- **Problem**
In the records below, find the line containing "Screenshot_20200218_103722_com.tencent.qqlivehuawei.jpg" and the line containing "Human resources design - 44603165"; please repeat exactly the lines from one to the other, both included, and nothing more.

- **Dataset extract**
BEGIN

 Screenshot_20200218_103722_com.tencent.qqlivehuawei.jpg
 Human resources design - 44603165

END
BEGIN

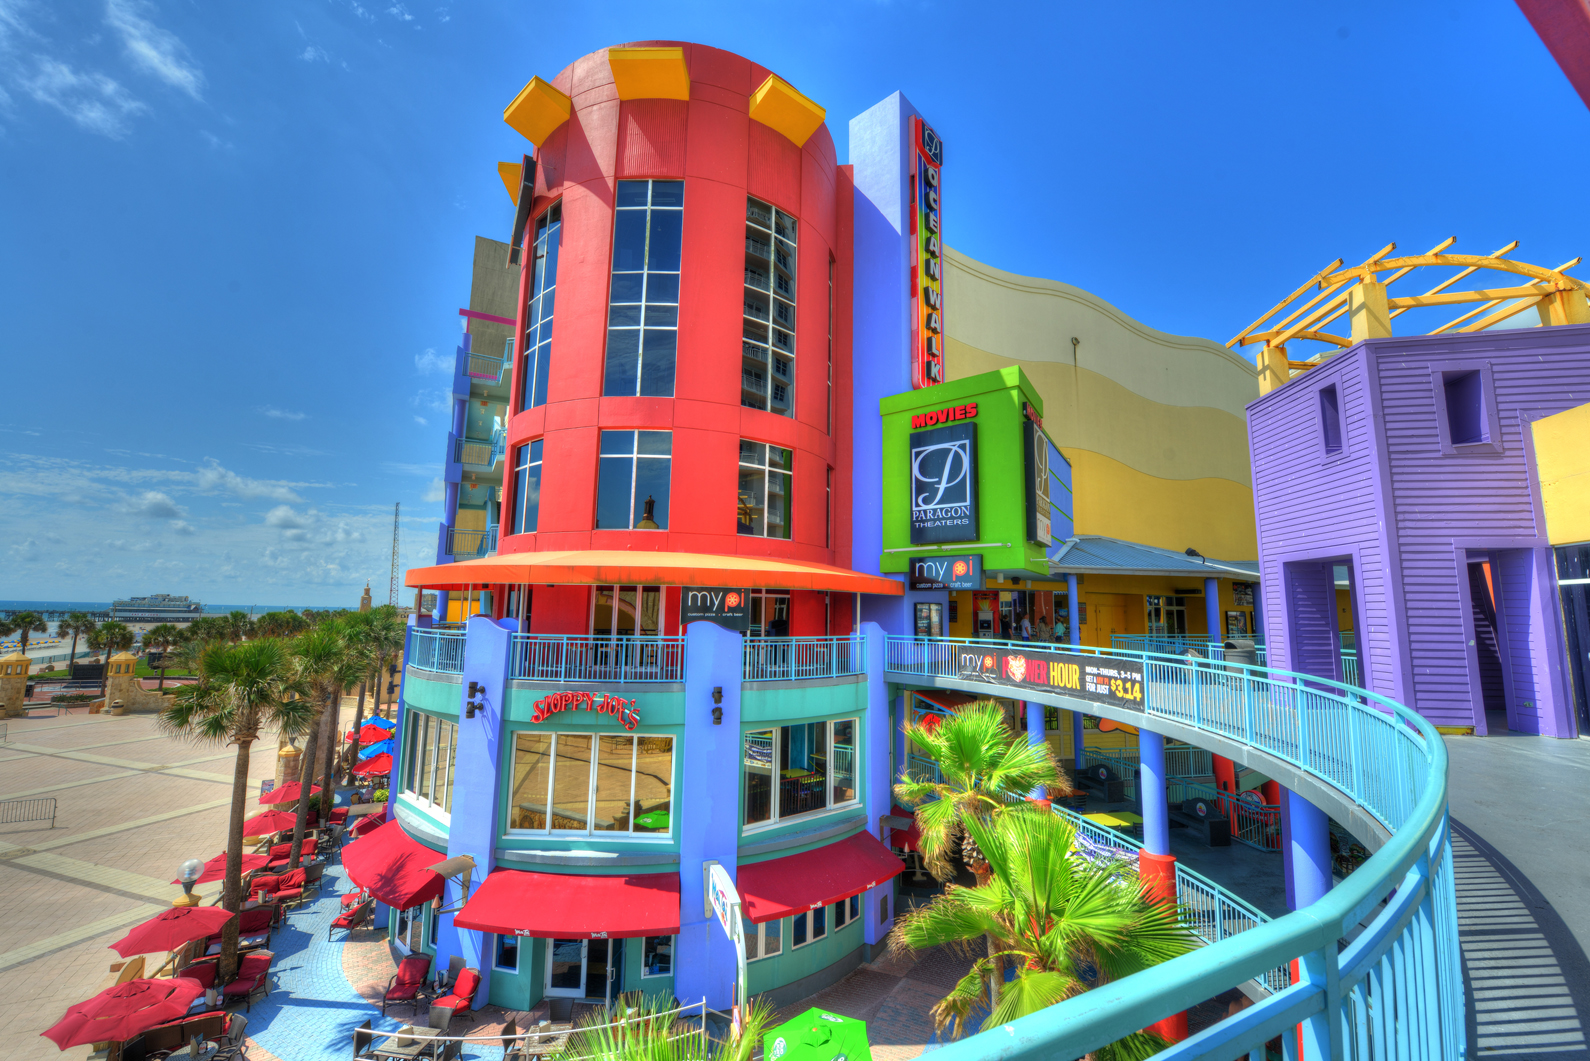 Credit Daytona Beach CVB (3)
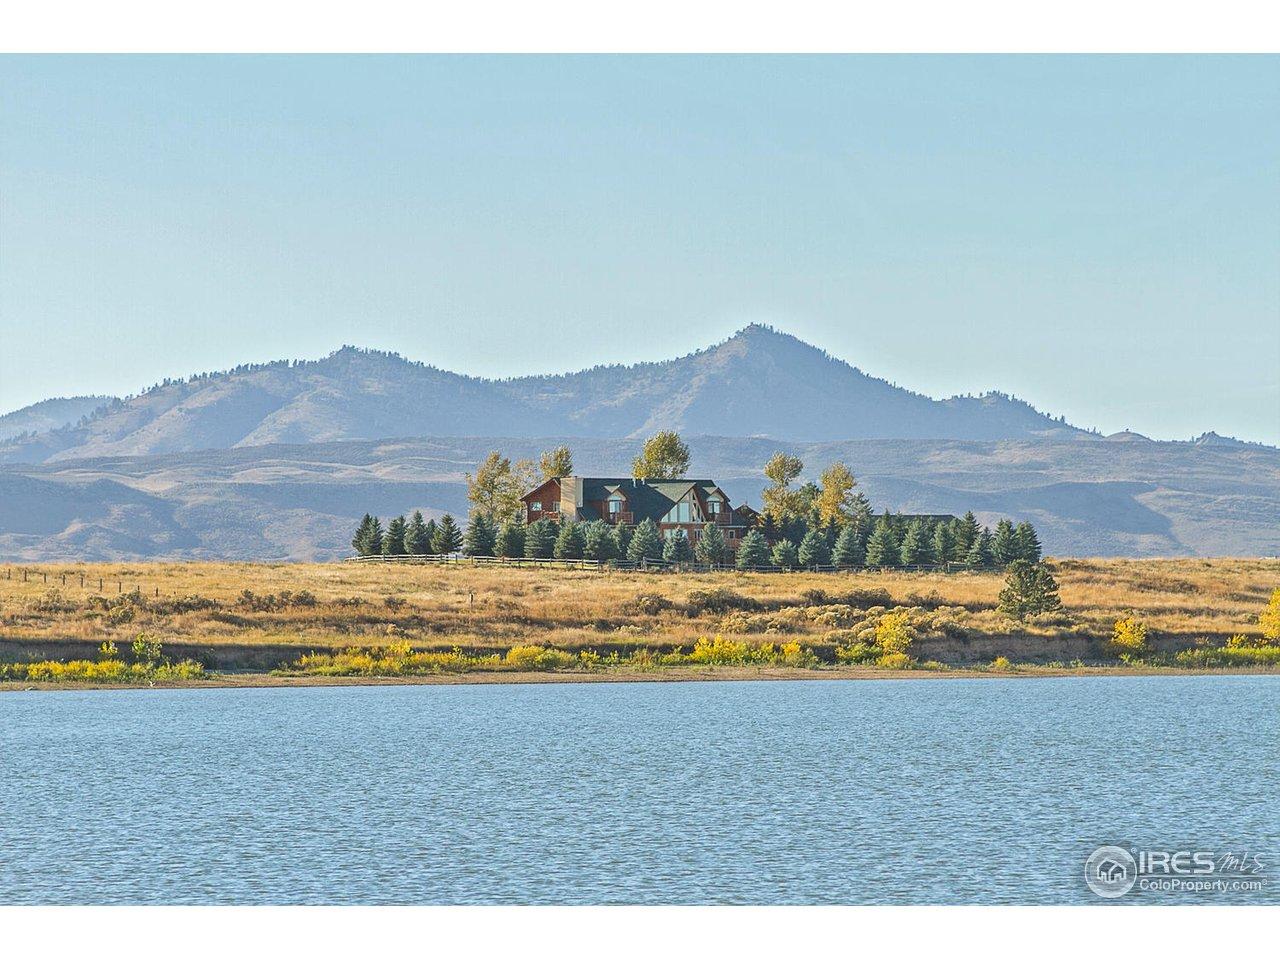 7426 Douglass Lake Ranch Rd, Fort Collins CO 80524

END

- **Completed exercise**
 Screenshot_20200218_103722_com.tencent.qqlivehuawei.jpg
 Human resources design - 44603165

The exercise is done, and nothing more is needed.